A confusing problem about DDP

I’m running the code of Mean Teacher where the teacher is updated via EMA.
The Teacher’s state_dicts of 10 continuous EMA updates are saved (marked as Tn-1, Tn-2, …, Tn-10), and I want to check the distance between the output of Tn and Tn-10:

When I use traditional DataParallel, the value is usually 0.3~0.7.
But when I use AMP+DDP on single device but multi GPUs, the value is 0.01 ~ 0.1.
And also, I tried AMP+DataParallel and AMP+DDP on single device and single GPU, the value back to 0.3~0.7.
So it looks like something goes different from usual when DDP is apply on multi GPUs.

My code looks like:

# Model Initialize
scaler = amp.GradScaler()
student_model = Model().cuda()
teacher_model = Model().cuda()
teacher_dict = student_model.state_dict().copy()
student_model = nn.SyncBatchNorm.convert_sync_batchnorm(student_model)
# student_model = nn.DataParallel(student_model, device_ids = gpu_ids)
student_model = DDP(student_model, device_ids = [local_rank])
teacher_model = nn.SyncBatchNorm.convert_sync_batchnorm(teacher_model)
# teacher_model = nn.DataParallel(teacher_model, device_ids = gpu_ids)
teacher_model = DDP(teacher_model, device_ids = [local_rank])

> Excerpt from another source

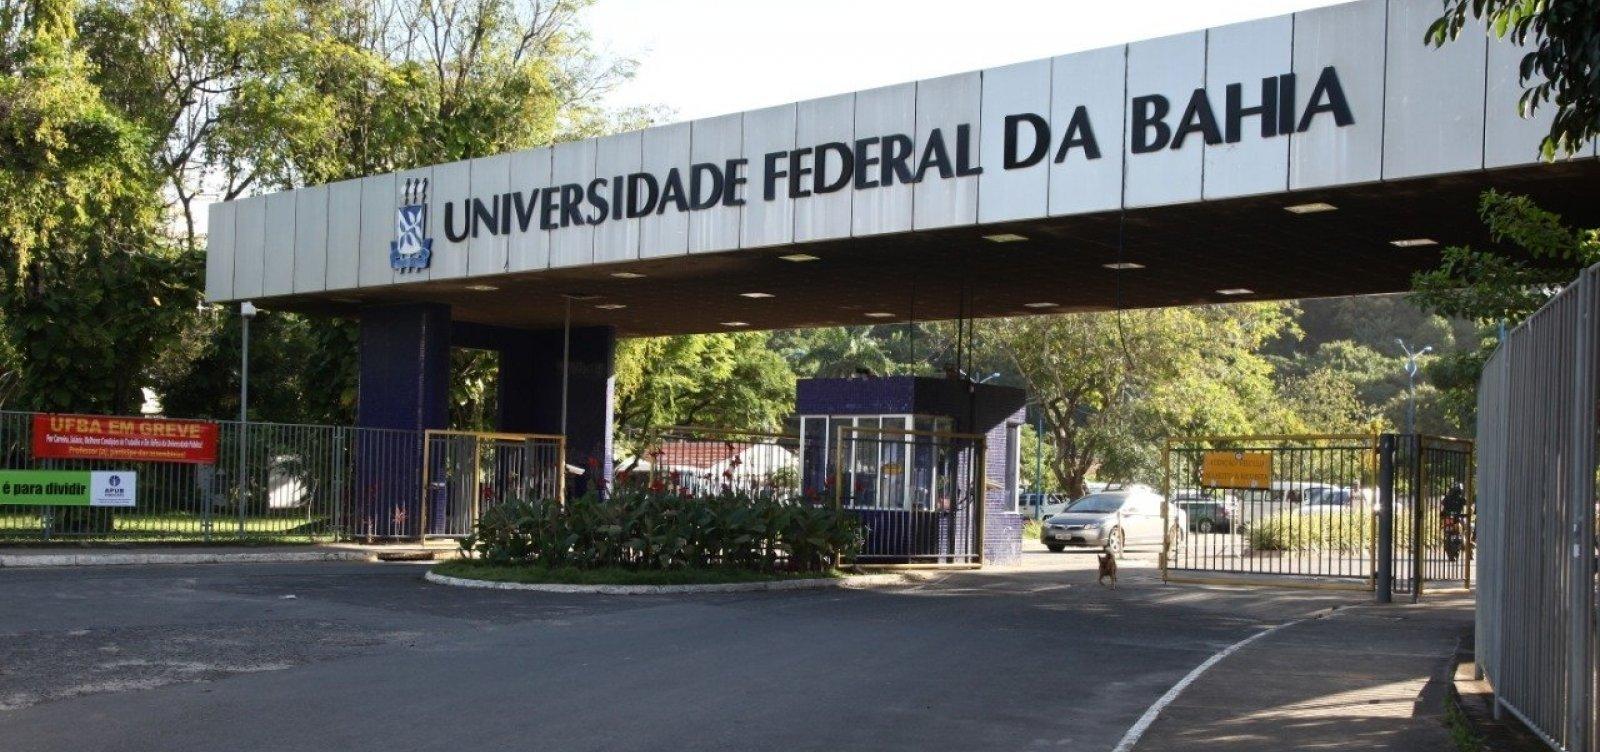 [Ufba abre inscrições para concurso com salários de até R$ 9 mil]

loss_fn = nn.SmoothL1Loss().cuda()

opt = torch.optim.Adam([{"params":[p for p in list(student_model.parameters()) if p.requires_grad]}], lr=lr, betas=(0.5, 0.999))

# Training
teacher_dict_list = []
teacher_dict_prev = None  # Tn-10, at the beginning is None
for epoch in range(num_epochs):
	for data in trainloader:
		images, labels = data
		images = images.cuda()
		labels = labels.cuda()

		with amp.autocast():
			preds = student_model(images)
			loss = loss_fn(preds, labels)

		scaler.scale(loss).backward()
		scaler.step(opt)
		opt.zero_grad()

		t = teacher_dict.copy()
		for k, v in t.items():
			t[k] = t[k].cpu()	# store on cpu memory, or the cuda memory would overflow
		teacher_dict_list.append(t)	# store Tn-1
		# EMA update teacher_dict
		for k, v in student_model.module.state_dict().items():
			if k.find('num_batches_tracked') == -1:
				teacher_dict[k] = 0.999 * teacher_dict[k] + 0.001 * v
		# we have stored 10 teacher's state_dicts
		if len(teacher_dict_list) == 10:
			teacher_dict_prev = teacher_dict_list[0]	# pick Tn-10
			del(teacher_dict_list[0])

		if teacher_dict_prev is None:
			continue
		else:
			teacher_model.module.load_state_dict(teacher_dict)	# load the newest state_dict
			with torch.no_grad():
				with amp.autocast():
					output_cur = teacher_model(images)

			teacher_model.module.load_state_dict(teacher_dict_prev)	# load the old state_dict
			with torch.no_grad():
				with amp.autocast():
					output_prev = teacher_model(images)
			print(torch.abs(output_cur - output_prev).max())
		scaler.update()

The code above is a simplified version, the structure is the same. To some reason, I can’t post all my code for you to reproduce the problem.
So, the printed value is 0.3 ~ 0.7 (which i think should be correct) at the setting of:

  • DataParallel w/o AMP on single device and multi GPUs
  • DataParallel with AMP on single device and multi GPUs
  • DDP with AMP on single device and single GPU

but it becomes much smaller (0.01 ~ 0.1) on DDP with AMP on single device and multi GPUs.

Hey did u solve your problem ? If yes, could you maybe explain the solution?